Было за полночь, когда подали ужин, а во втором часу мы разошлись.

Я устала до смерти, Sophie; кончаю страницу и ложусь спать.

Да, я и забыла сказать тебе, что Старославский, как мы узнали, отлучился, неизвестно куда и надолго ли, из Грустного Стана. Не правда ли, что странно; chиre amie, и некстати, потому что отсутствие его в эту минуту может быть истолковано и Купером, и толстым гостем с весьма невыгодной для него стороны? Неужели страх встретиться с Авдеем Афанасьичем был причиною его отъезда? Не может быть... а все-таки странно!

 

ПИСЬМО ДЕВЯТОЕ

 

27-е сентября

Прошла неделя с тех пор, как я писала к тебе, chиre Sophie. Старославский не возвращался; мы по-прежнему гуляем до вечера, а в полночь, насмеявшись вдоволь, расходимся по спальням. Днепр действительно переродился в маленькое море; несколько деревянных колес вертятся с утра до ночи. Папa очень доволен успехом своего предприятия. Машинист говорит и распоряжается так громко, что голос его долетает до балкона, а бедный Жозеф притих. Как я ни люблю доброго француза, но не скрываю радости своей, что предсказание его не выполнилось. Авдей Афанасьич отправляется на охоту с восходом солнца и возвращается не прежде заката. Несчастных зайцев каждый раз приносит он сам, в виде трофеев, в гостиную; нередко трофеи его ужасно видеть: представь себе куски красного мяса с ушами; все остальное бывает обыкновенно съедено собаками, c'est terrible а voir! Кстати: какая рассеянность, chиre amie! Я должна была бы начать с того, что первого числа октября мы решительно выезжаем из Скорлупского. Как я счастлива, выразить тебе не могу! Но и Скорлупского жаль немножко, особенно в последнее время я смеялась в нем так много; а по моему характеру, чему бы ни смеяться, только бы смеяться – и я довольна. Вчера всем обществом ходили мы пешком в ту самую пустынь, о которой я когда-то писала тебе, в ту самую, которую построили, говорят, близ места встречи пустынника с польским паном. Все строение бедно и составлено из круглых каменьев, слепленных кой-как. Обитель состоит из маленькой ветхой церкви, пяти деревянных келий, небольшого сада, служащего в то же время кладбищем, – вот и все.
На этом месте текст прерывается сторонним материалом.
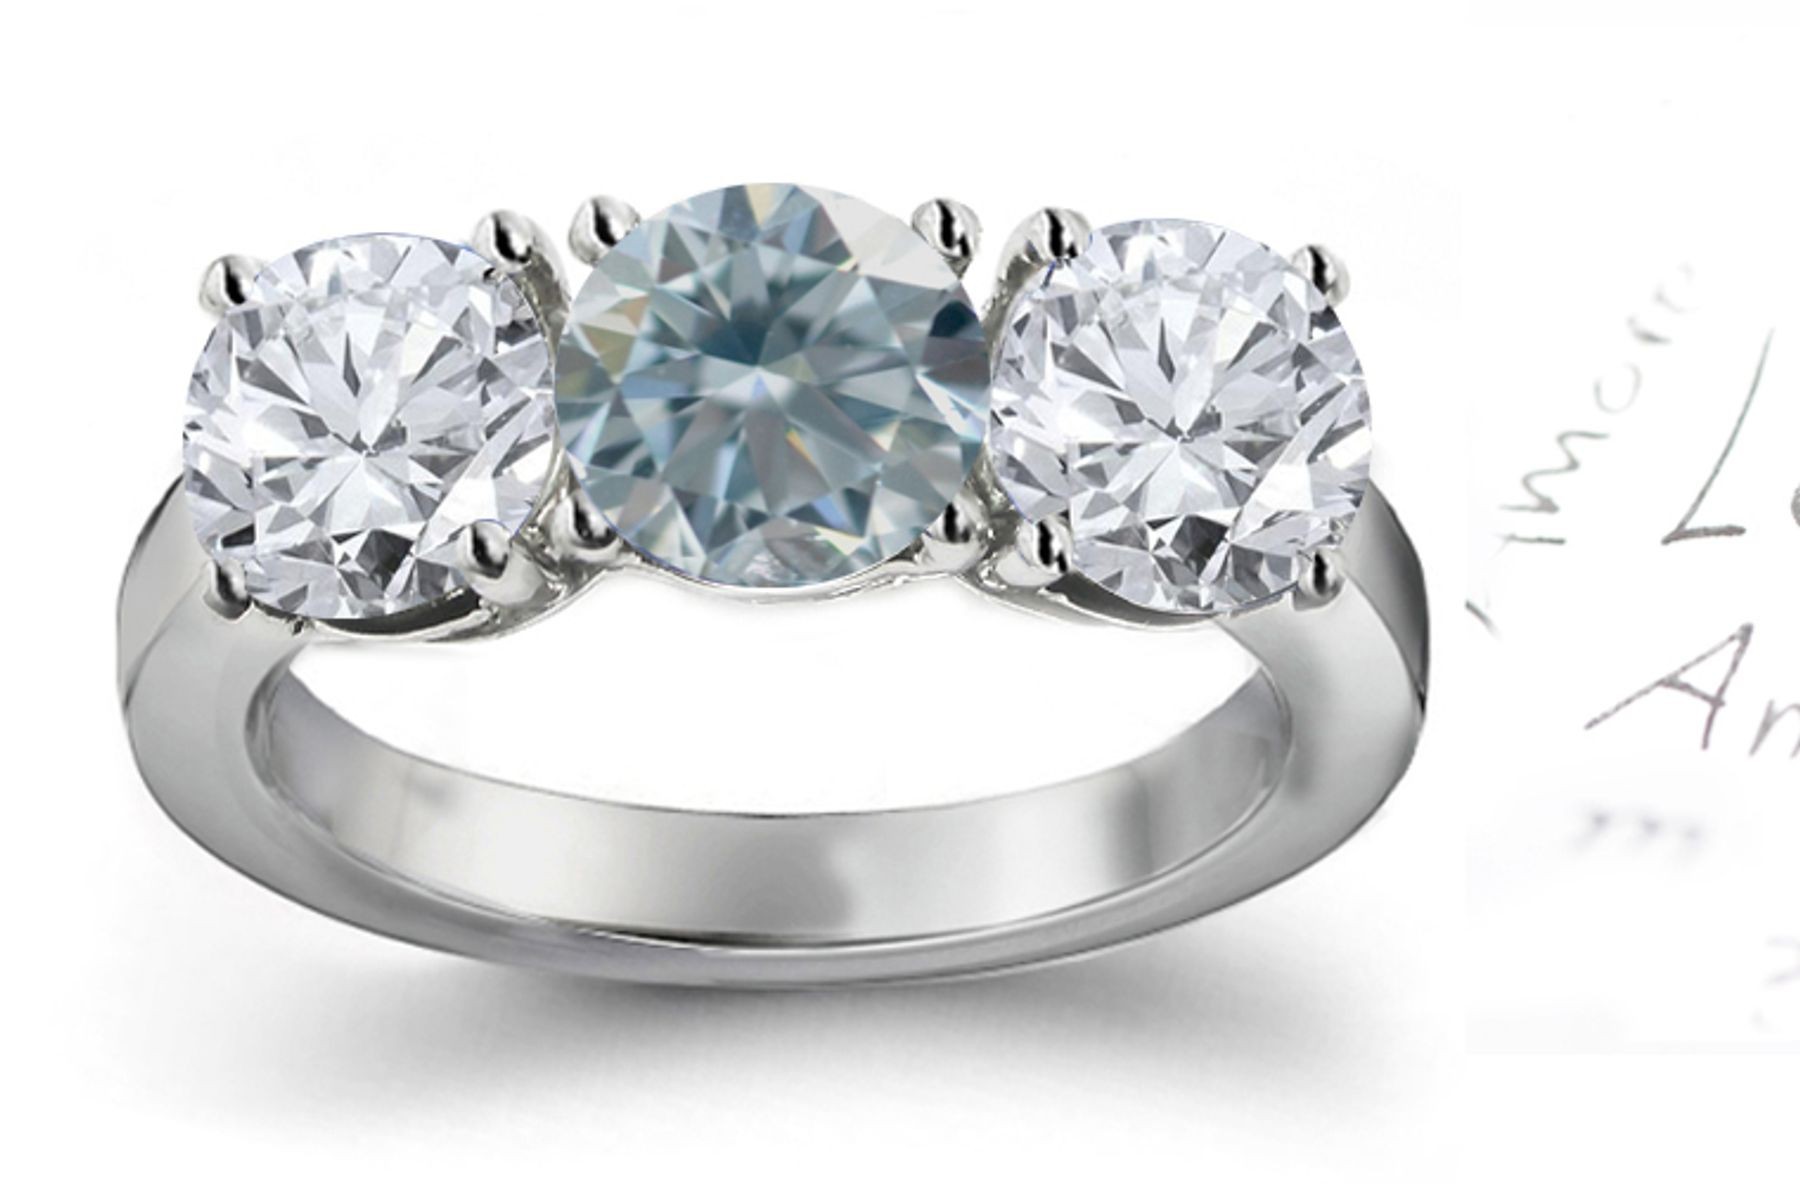 Premier Colored Diamonds Designer Collection - Blue Colored Diamonds & White Diamonds Fancy Blue Diamond Engagement Rings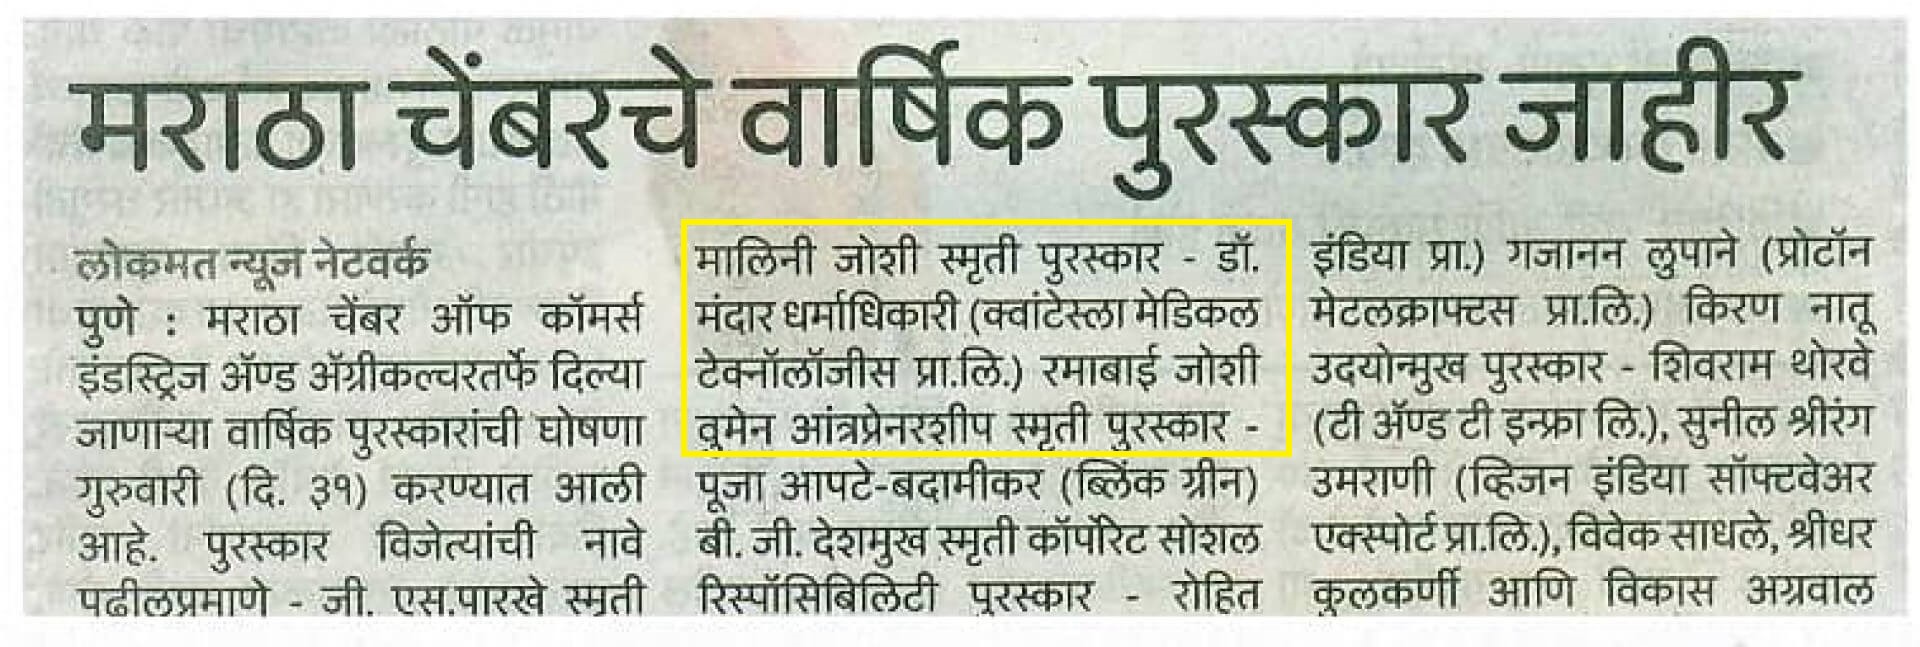 Lokmat marathi newspaper mentioning award to Quantesla and Dr Mandar Dharmadhikari by MCCIA, Pune

Настоятель пустыни, седовласый старичок почтенной и кроткой наружности, принял нас ласково, показывал утварь, несколько древних икон, пожертвованных обители предками Старославского, и богатые сосуды, присланные в дар настоящим владельцем Грустного Стана. О Старо-славском старичок отзывался с самой лучшей стороны. Каждая похвала настоятеля выкупалась гримасою Купера и Антонины. Помолясь на кладбище, мы простились с иноками и отправились в сопровождении их в обратный путь. Кругом обители превысокий сосновый бор и глубокие рвы; вообще все это место крайне грустно и дико. Весь вечер прошел в толках и рассказах о преданиях. Агафоклея Анастасьевна утверждает, что в ночь на двадцать восьмое сентября... «Но ведь это завтра», – заметил папa. «Как завтра!» – воскликнули мы все в один голос, и меня обдало ужасом... Ведь действительно завтра, chиre Sophie! Ну ежели да выполнится предание... Впрочем, Старославского нет... тем лучше... Возвращаюсь к Агафоклее Анастасьевне: она утверждает, что однажды управляющий ее в эту ночь настигнут был страшною грозою в самом том лесу, где обитель, и ровно в полночь не только управляющий, но и кучер его явственно слышали вой собак, отдаленный звон колоколов, и в то же время над самым лесом черное небо озарилось заревом – и несчастные чуть не умерли со страха.

– Но неужели никто из жителей Скорлупского не может подтвердить или решительно опровергнуть все эти россказни? – спросила я, обращаясь к отцу. И он тотчас же послал за несколькими стариками.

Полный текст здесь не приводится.